Dispatches | December 05, 2006

I stayed home a day or so ago.  My son had a fever, so I worked quietly on editing two stories that were a delight to take a pencil to. There wasn’t much to pencil.  Both authors have nearly perfect linguistic pitch; both use the language for all its worth.  Both are appearing in our next issue, and I will tell you who they are sometime down the road.  One we have published before; the other is a newcomer to TMR.  Each taught me a new word or two, and that made me happy.

I took a longer-than-usual bath that day because I didn’t have to make the commute.  We don’t have a shower, just a very short tub, so I lay in the hot water with my knees bent up like a frog and looked at the ceiling, considering the words Parousia and fraught. Don’t ask why. 
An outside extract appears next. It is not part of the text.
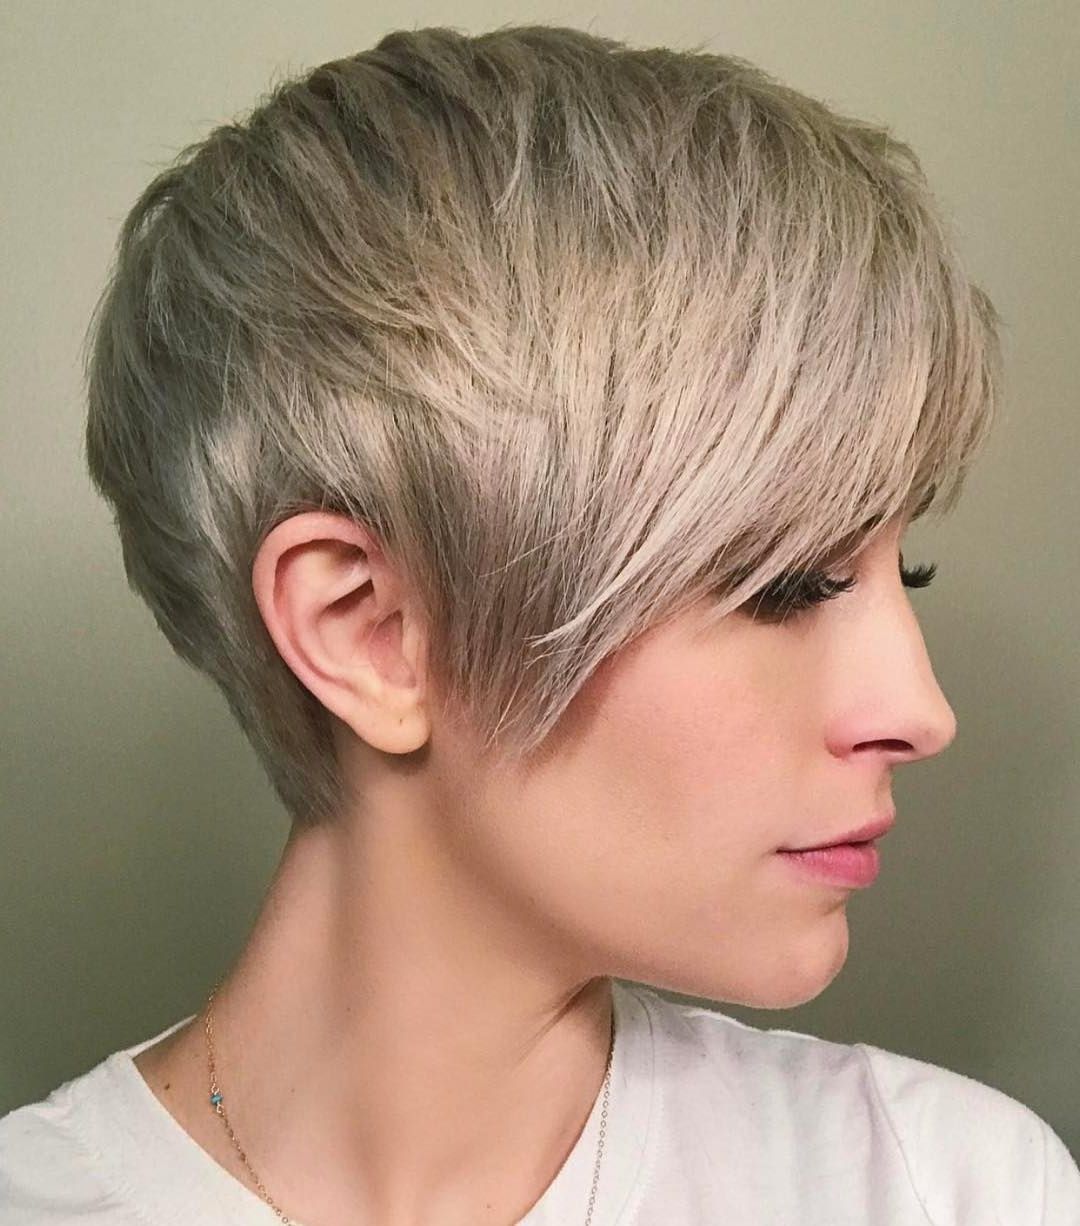 10 Best Short Straight Hairstyle Trends – Women Short Haircut Ideas 2018 Within 2018 Disconnected Blonde Balayage Pixie Haircuts (Photo 2 of 15)

Both were familiar to me, but I was paying them new attention. The Parousia is the Second Coming; I’d heard it said recently in the context of Advent, which begins December 3.  You know what fraught means.  A situation is fraught, usually with something bad.  If you said the two words out loud, you’d sense that one is desirable and the other not, even if you didn’t know what they meant.  Parousia. It’s like Glinda materializing in Oz in a shimmer of sparkles (though admittedly, as with Glinda, there’s something potentially scary there also). Fraught is the winged monkeys. 

Lying in the bathtub, I considered that fraught must be a past participle because taught is a past participle, and so are bought, caught, sought. So after I got out of the tub I looked it up.  It’s from Middle English, the past participle of the verb “to load,” by way of Middle Dutch.  It’s related to the word freight. I was very, very excited. Middle English!  Middle Dutch!  This is what some people do for fun. Then I looked up Parousia.  It’s from a Greek present participle of the verb that means “to be present,” so the Parousia is the Being Present.  I would not want to speculate on the theological implications of that semantic bit, but again, I was excited to know it.

Words are great.  Words are awesome. Words are. . . the Being Present of conscious thought.  Or something like it. Around the office we get excited about good works of literature all the time, but sometimes we ought to stop and look twice at what they’re made of and get excited again about good words.